However... is it me, or isn't the 'almost 2B triples' a very
disappointing number? If you go through all datasets advertised on the
Data Hub, the advertised number of triples is over 40B ! This means
that only one out of 20 triples in the linked 'open' data cloud is
publicly accessible.
Another thing... it seems as if LODStats is merely checking whether a
SPARQL endpoint is 'up' and whether the endpoint actually contains the
data that has been advertised on the Data Hub. For instance, my very
own bubble is listed without problems, but I know for a fact that the
triple store no longer contains the data (sorry!). Do you have any
thoughts/ideas on how to detect such problems?
Cheers,
Rinke
On 2 February 2012 13:18, Sören Auer <au...@informatik.uni-leipzig.de> wrote:
> Am 02.02.2012 12:32, schrieb Richard Cyganiak:
>> Congrats, this is awesome.
>
> Thanks Richard, we are happy you like it ;-)
>
>> So you're automatically harvesting 200+ datasets by starting with the LOD Cloud metadata we're collecting on the Data Hub (ex CKAN), leading to a total of almost 2B triples.
>
> Exactly.
>
>> Also fascinating is the list of 250 datasets that couldn't be automatically harvested due to SPARQL errors or errors in the RDF dumps:
>> http://stats.lod2.eu/rdfdoc/?errors=1
>> This is an excellent interoperability testbed and should be closely studied by anyone who's interested in the state of actual interoperability on the web of linked data (hence a CC to the Pedantic Web Group).
>
> Yes, having an interoperability testbed and a timely view on the current
> state was one of the primary reasons for developing LODStats. Some
> problems might, however, also be related to incorrect CKAN metadata or
> some glitches in LODStats itself - we will try to iron them out as much
> as possible in the next weeks.
>
>> One request: on http://stats.lod2.eu/stats it shows top 5 lists of various sorts (top vocabularies, classes, languages etc). Would it be possible to allow drill-down to see longer lists, let's say top 100 or top 1000? These lists are great, but the really interesting stuff often happens in the midfield.
>
> Indeed, thats a great suggestion and will be implemented soon.
>
>> I see VoID summaries for each individual dataset. Are they aggregated somewhere into a single file that I could SPARQL?
>
> Not yet, but that's planned. For now it should be relatively easy to
> crawl and concat the VoID files, but we will make it more convenient ;-)
>
>> Also, how do I cite your work in publications? Is there a paper (or at least tech report) yet?
>
> We submitted a paper, which you can cite:
>
> Jan Demter, Sören Auer, Michael Martin, Jens Lehmann: LODStats – An
> Extensible Framework for High-performance Dataset Analytics, submitted
> to ESWC2012
>
> http://svn.aksw.org/papers/2011/RDFStats/public.pdf
>
> Best,
>
> Sören
>
It certainly is and this is one of the reasons we developed this tool to
get a better picture of the LOD cloud. Of cause this difference is
partially caused by invalid links in CKAN and some issues we still have
with dealing with very large datasets, but these issues real users might
have as well.
> Another thing... it seems as if LODStats is merely checking whether a
> SPARQL endpoint is 'up' and whether the endpoint actually contains the
> data that has been advertised on the Data Hub. For instance, my very
> own bubble is listed without problems, but I know for a fact that the
> triple store no longer contains the data (sorry!). Do you have any
> thoughts/ideas on how to detect such problems?

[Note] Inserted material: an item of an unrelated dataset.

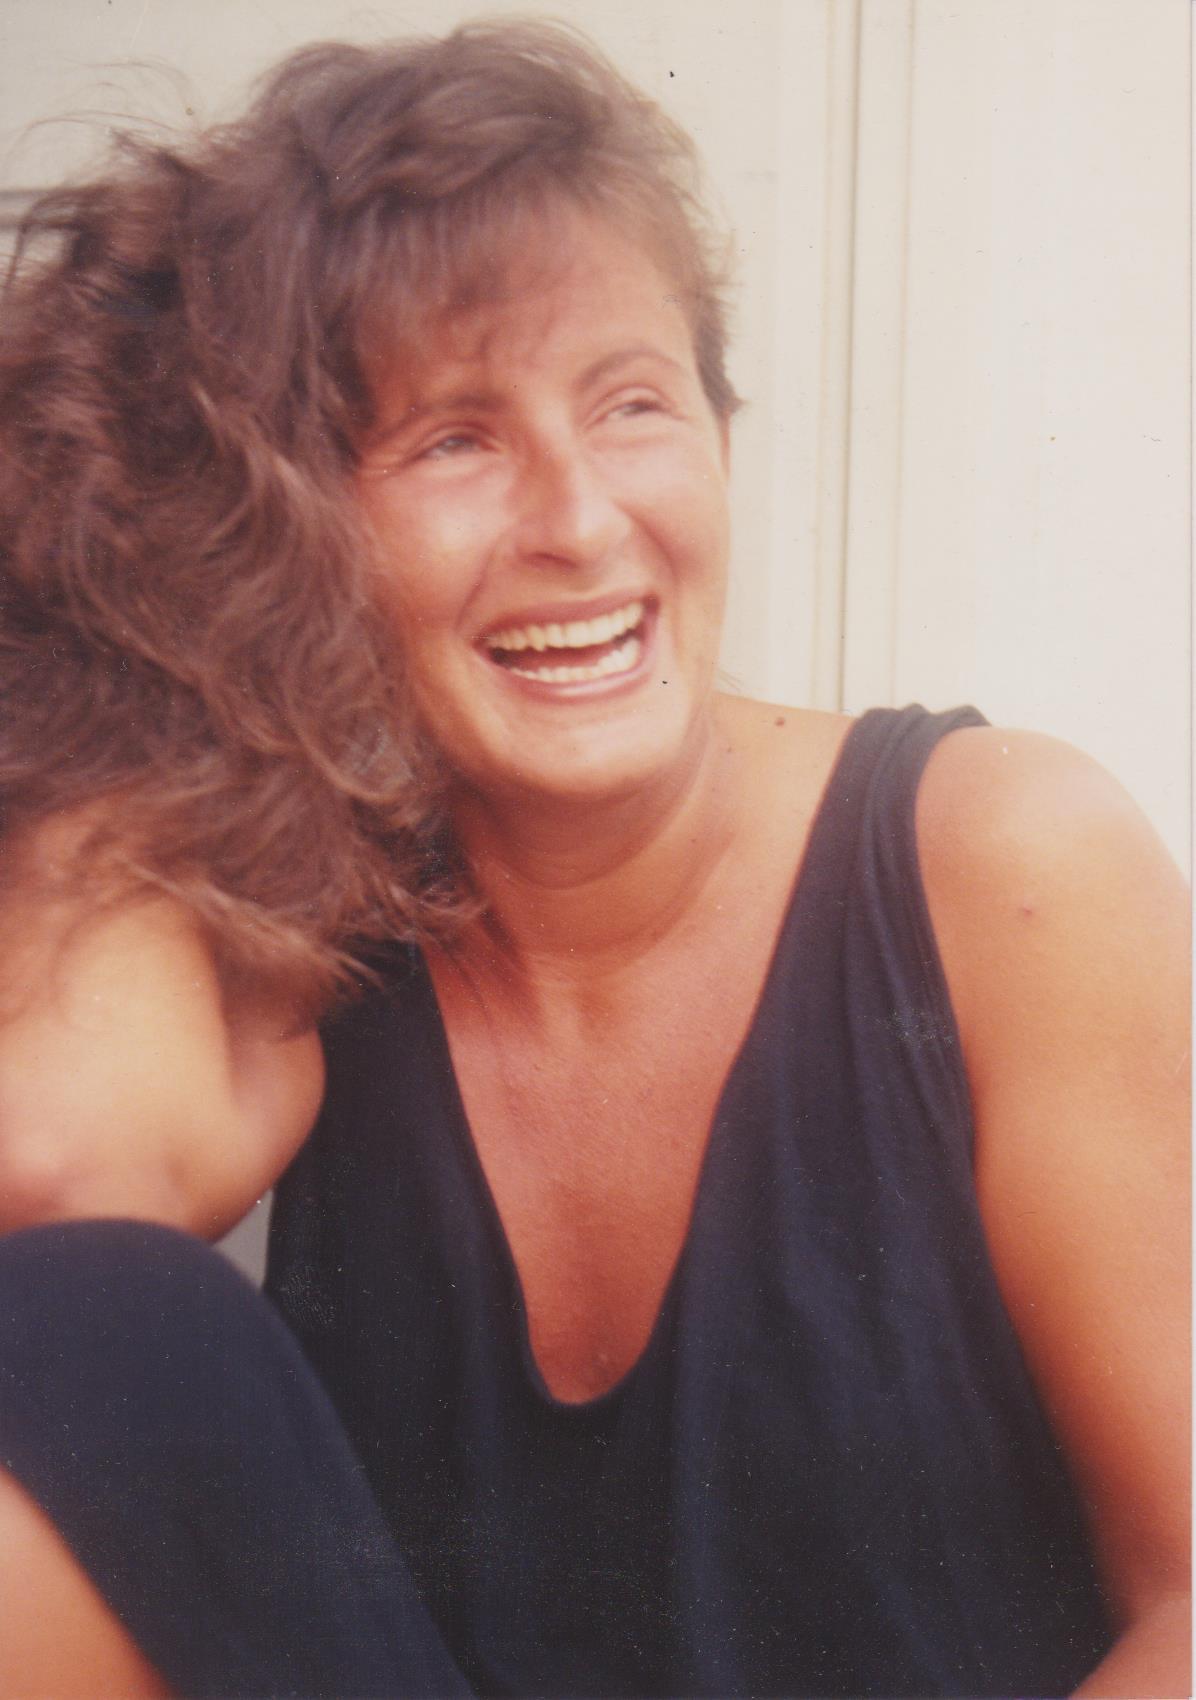 Amelia Belloni Sonzogni

We currently don't delete our stats when an endpoint is not available
once, but try to check back later. Of course after a certain number of
check backs and timeouts the stats should be invalidated. Can you point
me to your endpoint and we will have a look what's the problem there.
Best,
Sören
> I am starting to use LODStats and I think it is a very useful tool.
> Actually I would be interested on using it over SPARQL endpoints but I
> dont know how to do that. Does anybody knows whether it is possible?
We don't have a SPARQL endpoint available (yet), but
you can obtain a complete dump of all VoID descriptions from
http://stats.lod2.eu/rdfdocs/void
Best,
Sören